# [Dataset extract]
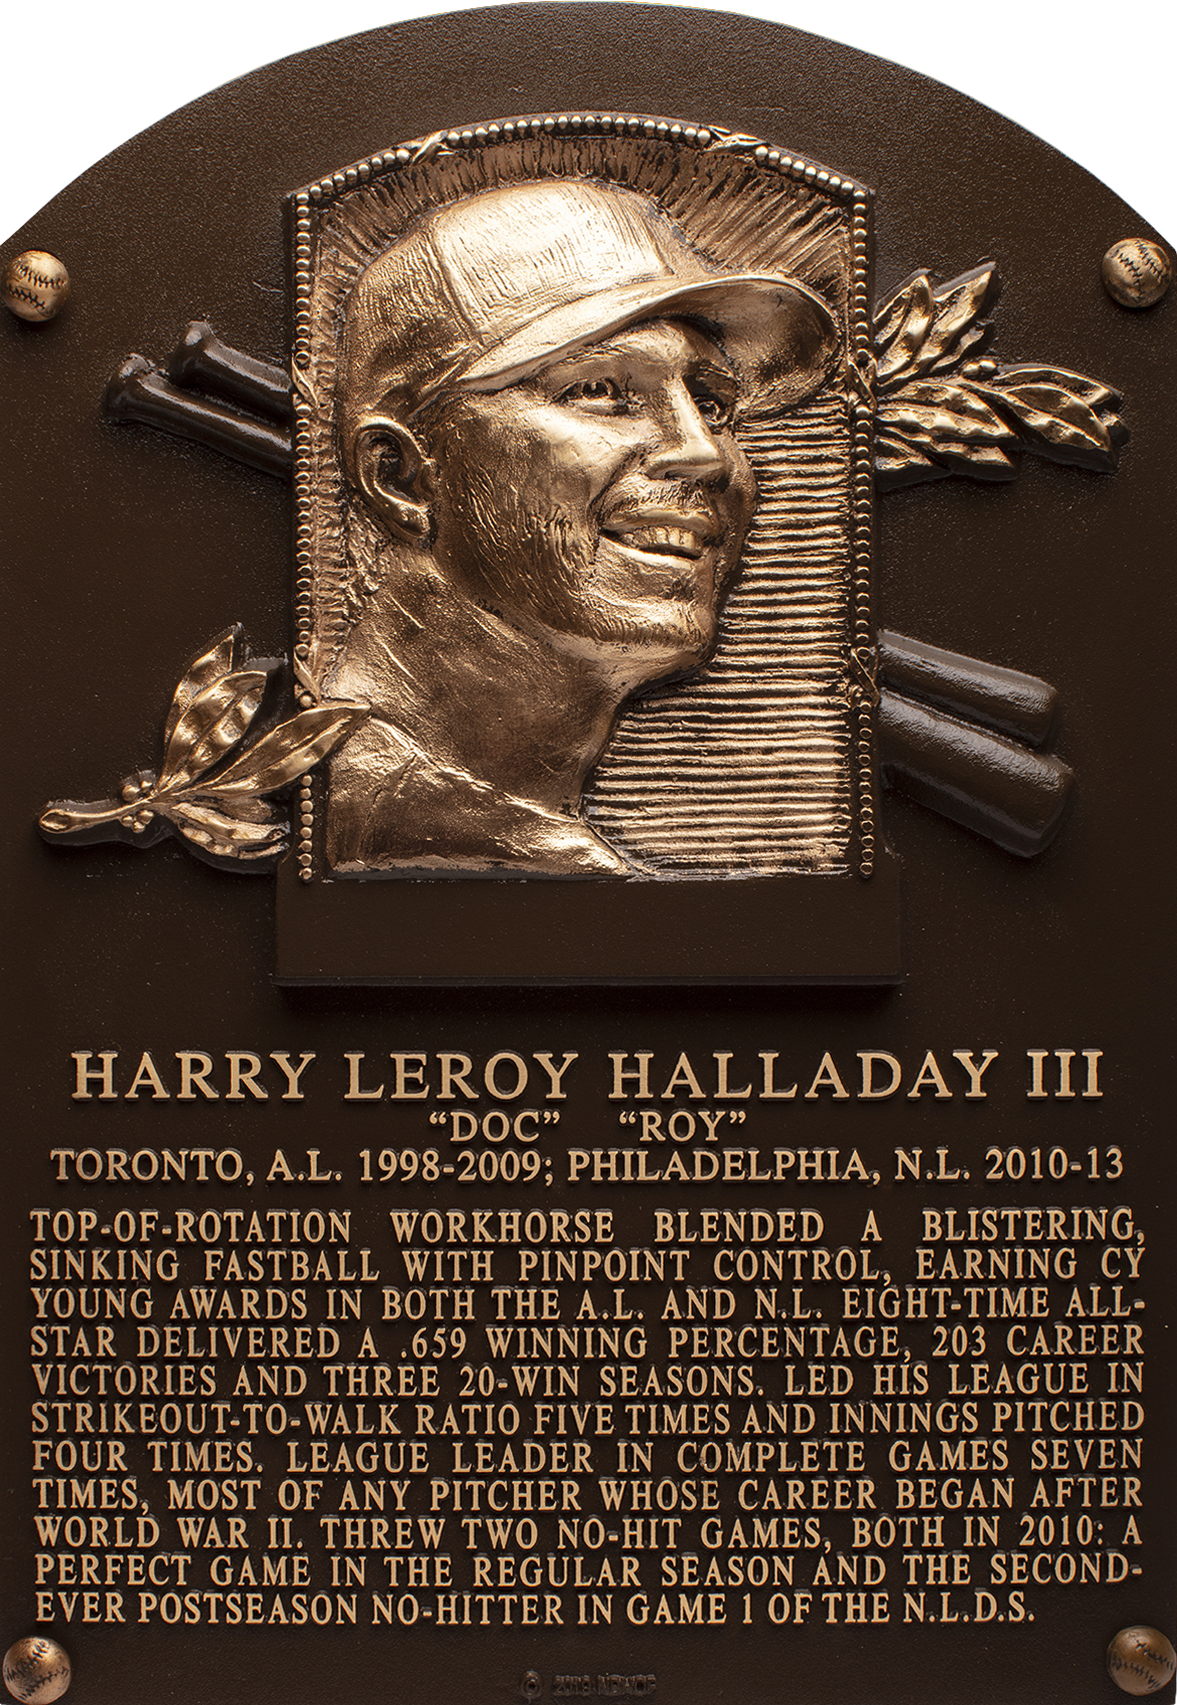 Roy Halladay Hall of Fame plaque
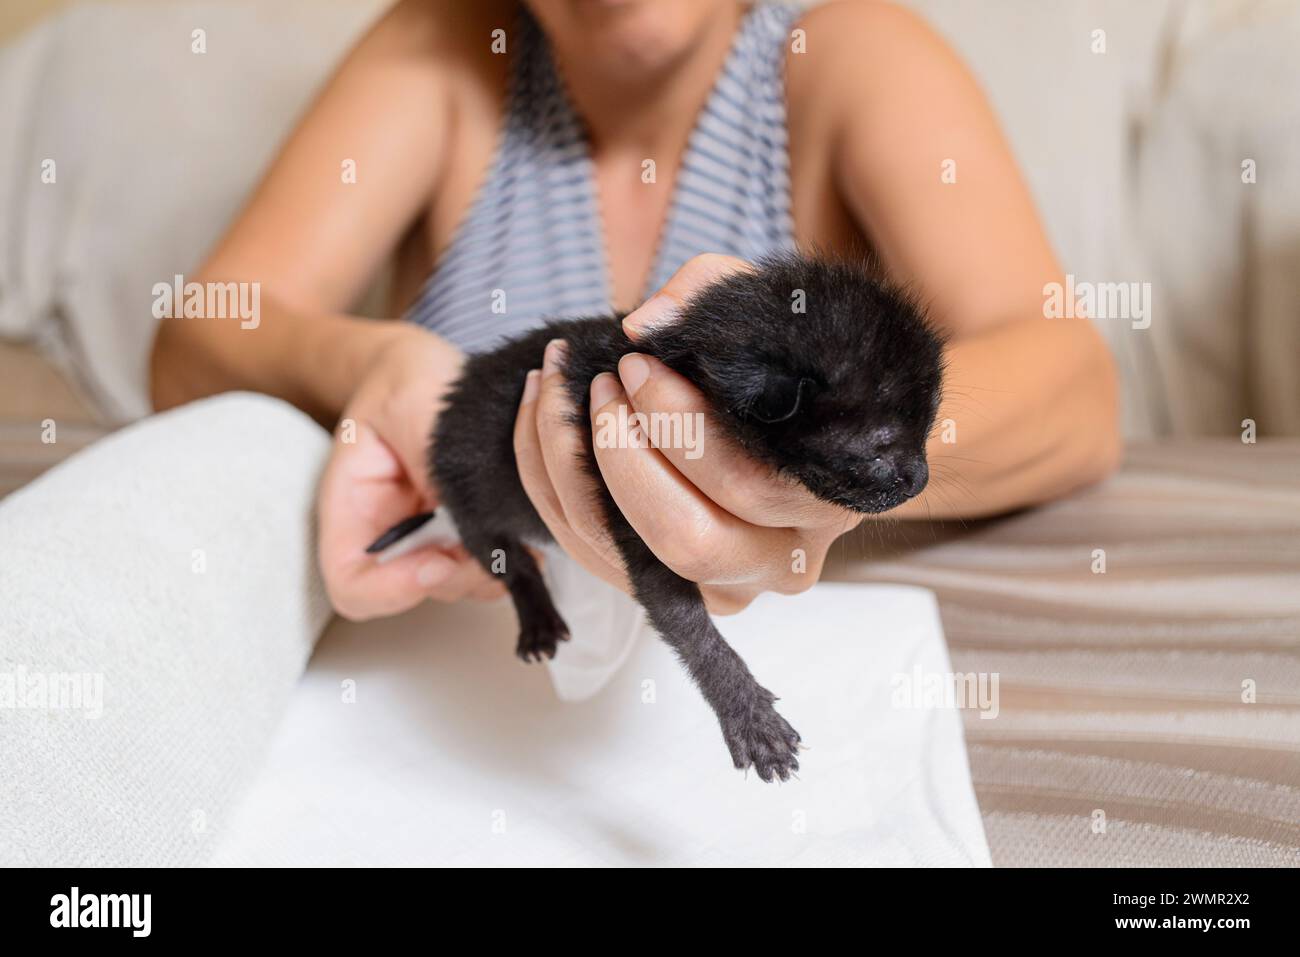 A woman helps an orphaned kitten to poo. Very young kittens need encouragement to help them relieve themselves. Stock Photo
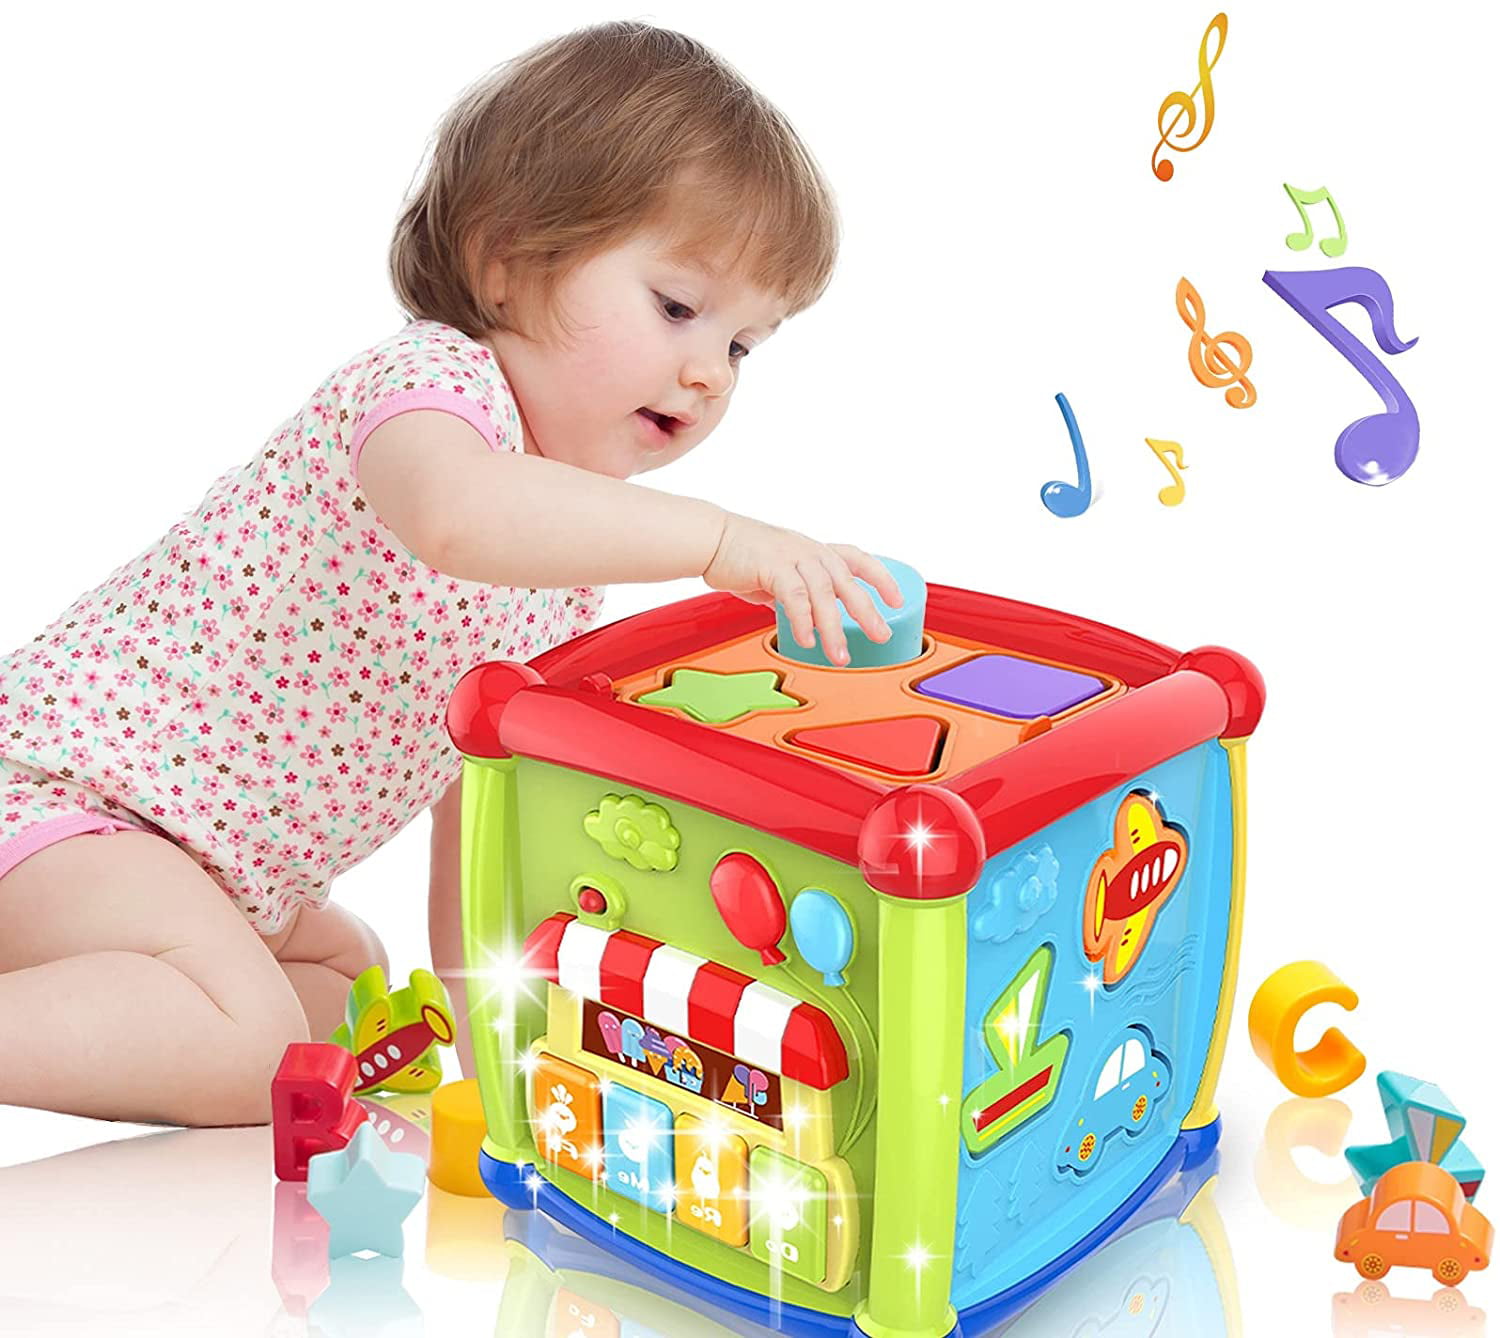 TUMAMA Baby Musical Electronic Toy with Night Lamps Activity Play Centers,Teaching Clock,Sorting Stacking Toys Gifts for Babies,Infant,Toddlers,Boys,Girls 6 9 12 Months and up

# [Brief]
What belongs in the answer is each line above, reproduced exactly, and no picture.

# [Answer space]
 Roy Halladay Hall of Fame plaque
 A woman helps an orphaned kitten to poo. Very young kittens need encouragement to help them relieve themselves. Stock Photo
 TUMAMA Baby Musical Electronic Toy with Night Lamps Activity Play Centers,Teaching Clock,Sorting Stacking Toys Gifts for Babies,Infant,Toddlers,Boys,Girls 6 9 12 Months and up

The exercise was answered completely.